How to insert a new column in a huge MYSQL Database Table? - mysql

I have this table in MYSQL databse which has about 10 million records/rows. I want to insert a new column in the table. However a simple insert column query doesn't seem to work well for me.
This is what I have tried,
ALTER TABLE contacts ADD processed INT(11);
I waited for about 5 hours, but nothing happened. Is there any way to insert a new column in such a huge table?
Hope I am clear with my question. Any help would be appreciated.

If it's production:
You should use pt-online-schema-change of Percona Toolkit.
pt-online-schema-change emulates the way that MySQL alters tables internally, but it works on a copy of the table you wish to alter. This means that the original table is not locked, and clients may continue to read and change data in it.
pt-online-schema-change works by creating an empty copy of the table to alter, modifying it as desired, and then copying rows from the original table into the new table. When the copy is complete, it moves away the original table and replaces it with the new one. By default, it also drops the original table.
Or oak-online-alter-table which is part of openark kit
oak-online-alter-table allows for non blocking ALTER TABLE operations, table rebuilds and creating a table's ghost.
Altering tables will be slower, but it doesn't lock tables.
If it's not production and downtime is okay, try this approach:
CREATE TABLE contacts_tmp LIKE contacts;
ALTER TABLE contacts_tmp ADD COLUMN ADD processed INT UNSIGNED NOT NULL;
INSERT INTO contacts_tmp (contact_table_fields) SELECT * FROM contacts;
RENAME TABLE contacts_tmp TO contacts, contacts TO contacts_old;
DROP TABLE contacts_old;

Related

What is the best and safest method to update/change the data type of a column in a MySQL table that has ~5.5 million rows (TINYINT to SMALLINT)?

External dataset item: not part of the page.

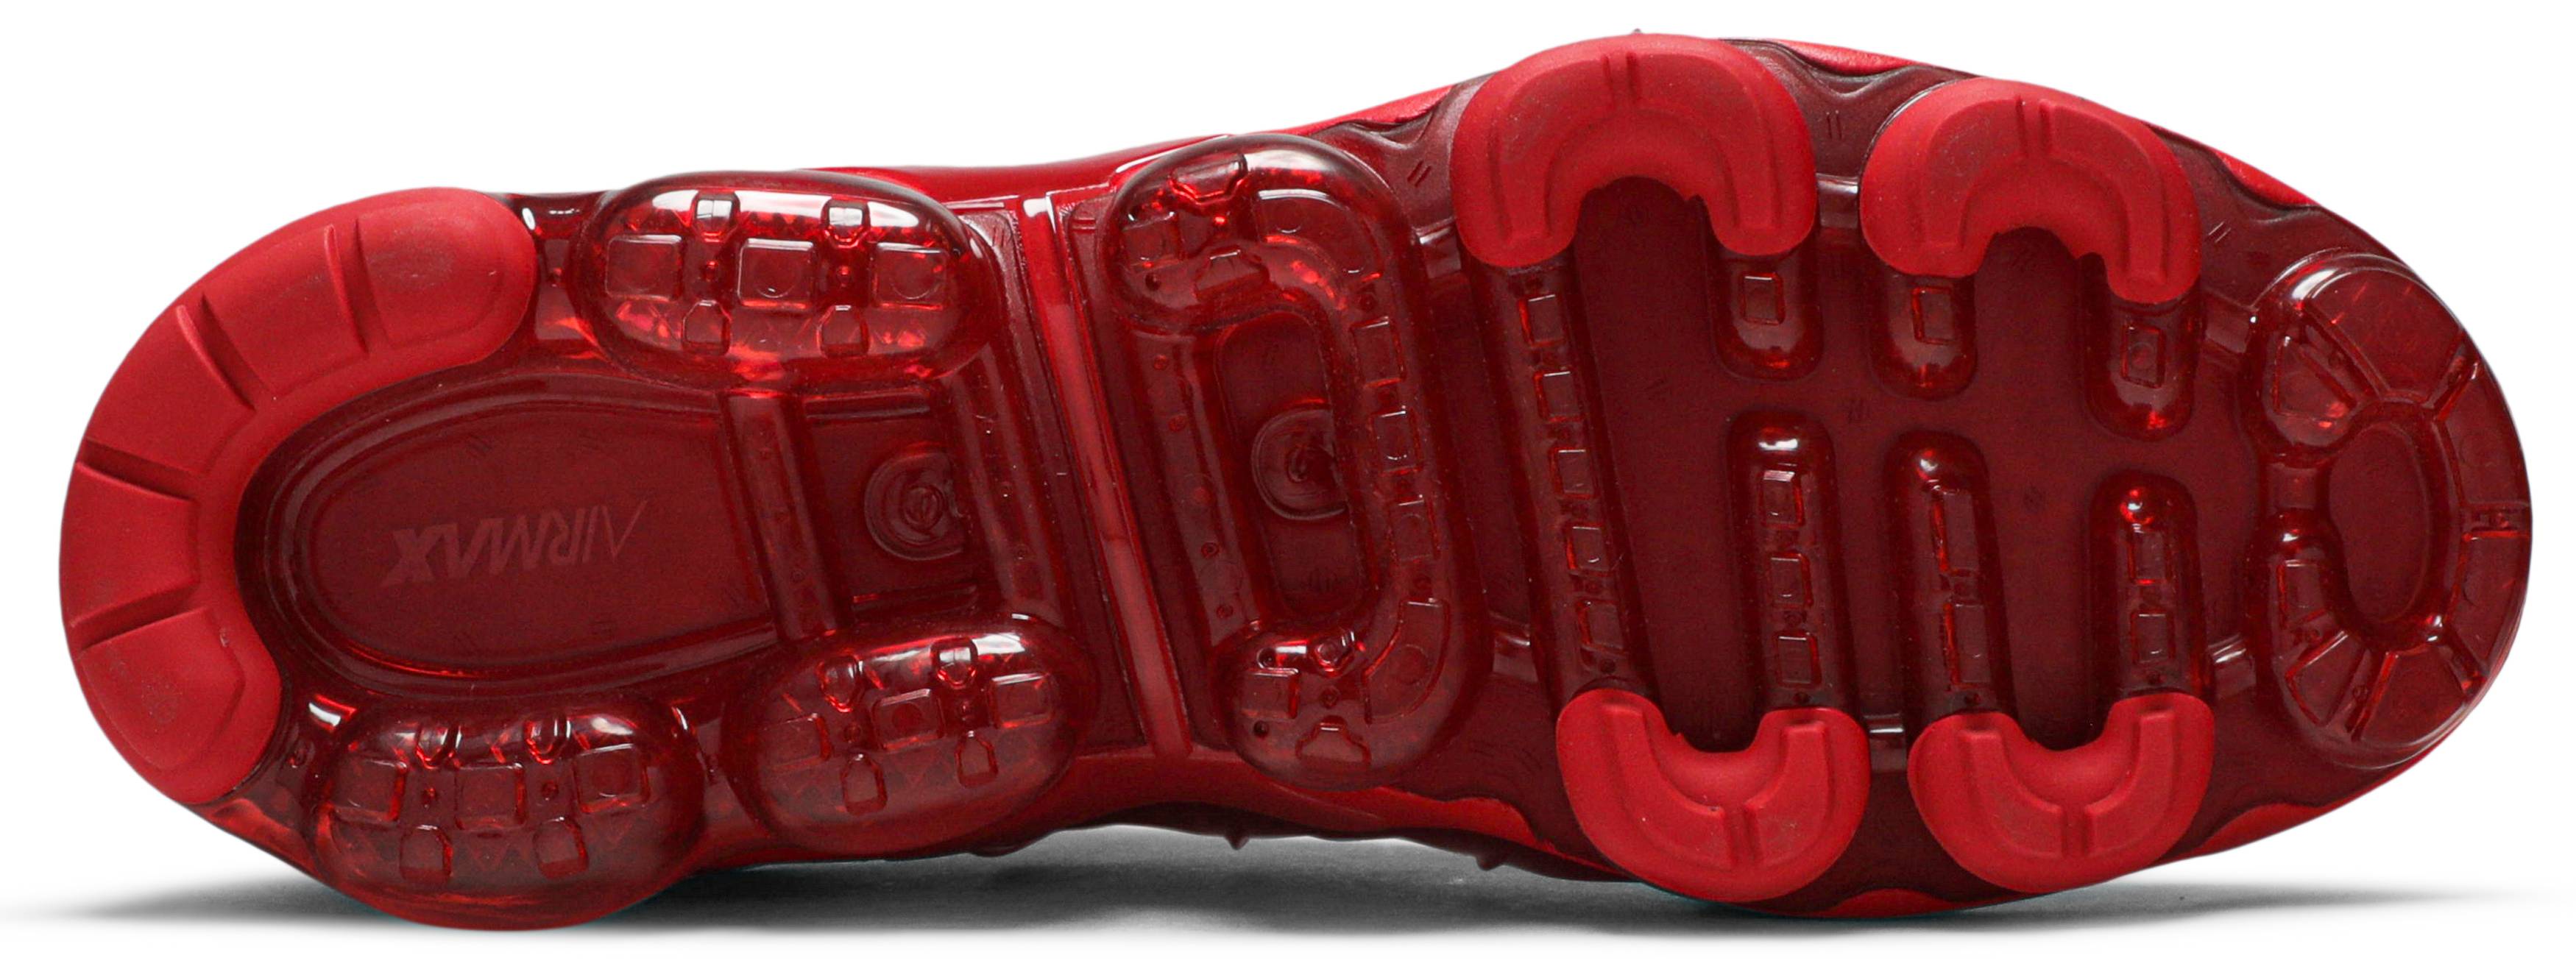 Air VaporMax Plus 'Triple Red' - Nike - CW6973 600 | GOAT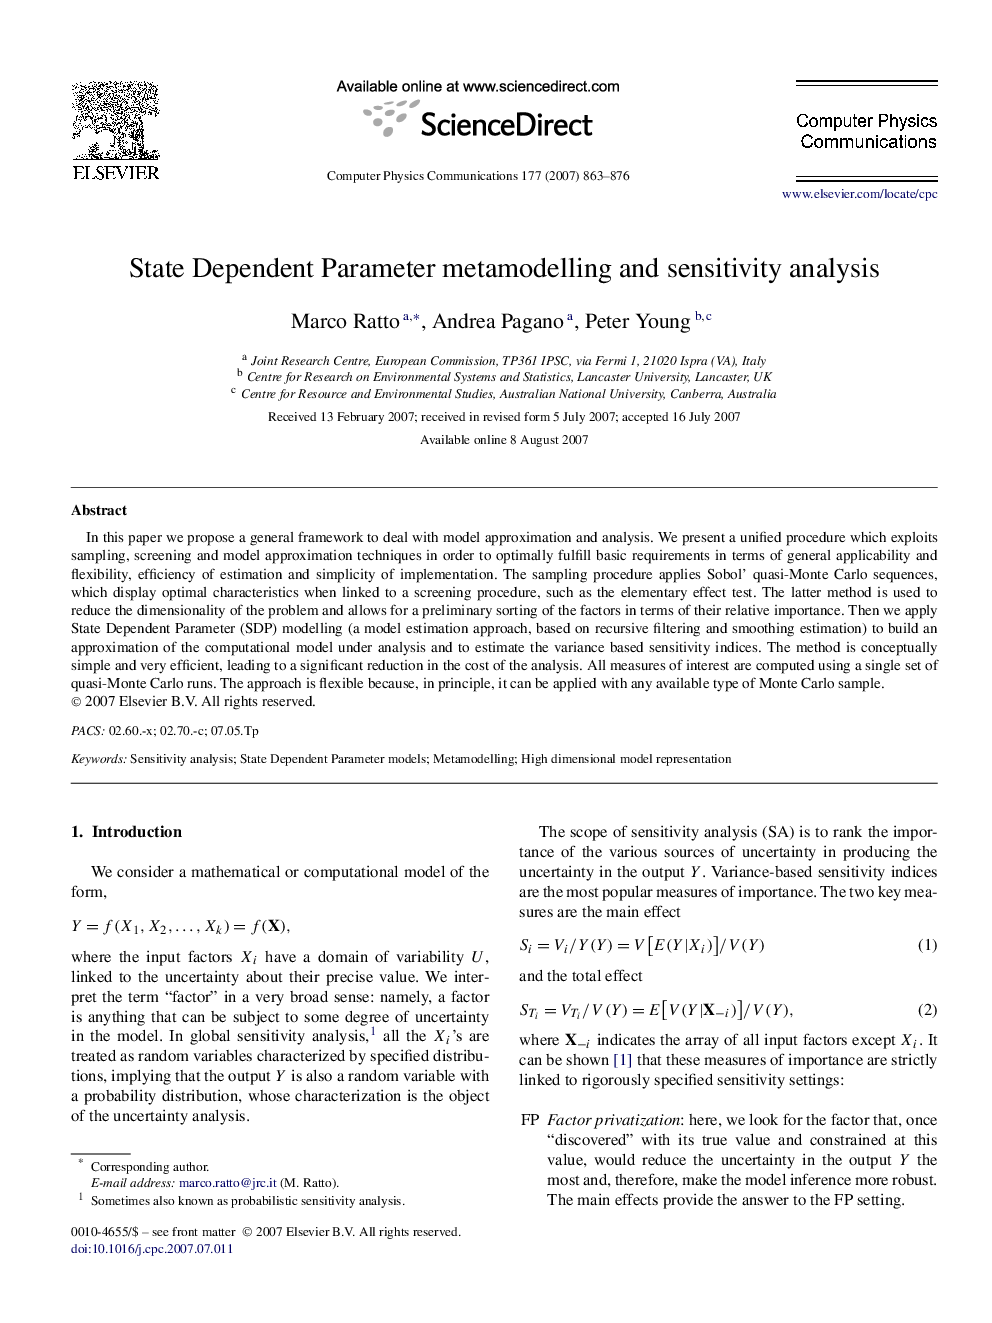 State Dependent Parameter metamodelling and sensitivity analysis

Similar questions have been asked, but I have had issues in the past by using
ALTER TABLE tablename MODIFY columnname SMALLINT
I had a server crash and had to recover my table when I ran this the last time. Is it safe to use this command when there is that much data in the table? What if there are other queries that may be running on the table in parallel? Should I copy the table and run the query on the new table? Should I copy the column and move the data to the new column?
Please let me know if there are any best or "safest" practices when doing this.
Also, I know this depends on a lot of factors, but does anyone know how long the query should take on an InnoDB table with ~5.5 million rows (rough estimate)? The column in question is a TINYINT and has data in it. I want to upgrade to a SMALLINT to handle larger values.
Thanks!
On a slow disk, and with lots of columns in the table, it could take hours to finish.
The ALTER is "safe" because it used to do the following:
Lock the table
Create a similar table, but with SMALLINT instead of TINYINT.
Copy all the rows over to the new table.
Rename the tables and drop the old one.
Unlock
Step 3 is the slow part. The only vulnerability is in step 4, which is very fast.
A server crash during steps 1-3 should have left the old table intact, but possibly left behind a partially created tmp table named something like #sql....
Percona's pt-online-schema-change has the advantage of being virtually lockless.
This cannot be easily answered.
It depends on things like
Has the table its own file, or is it shared with others?
How big is the table in terms of bytes?
etc.
It can last from some minutes to, indeed, some hours and can involve copying over the whole content of the table, so you have quite big needs of disk space.
You can add a new SMALLINT column to the table:
ALTER TABLE tablename ADD columnname_new SMALLINT AFTER columnname;
then copy the data from old column to new one:
UPDATE tablename SET columnname_new = columnname WHERE columnname_new IS NULL LIMIT 100000
repeat above until all records done
then you can drop old column:
ALTER TABLE tablename DROP COLUMN columnname
and finally rename new column:
ALTER TABLE tablename CHANGE columnname_new columnname SMALLINT
you could do the copy of values from old column to new column in batch of 100000 rows, just to be sure not to have any issue
I would add a new column, change the code to check if a value exists in the new column and to read/write it if it does. Also change the code to read from the old column and write to the new column. At this point you can migrate the data at will, copying over values from the old column into the new column where a value does not exist in the new column.
Once all of the data has been migrated you can drop the old column.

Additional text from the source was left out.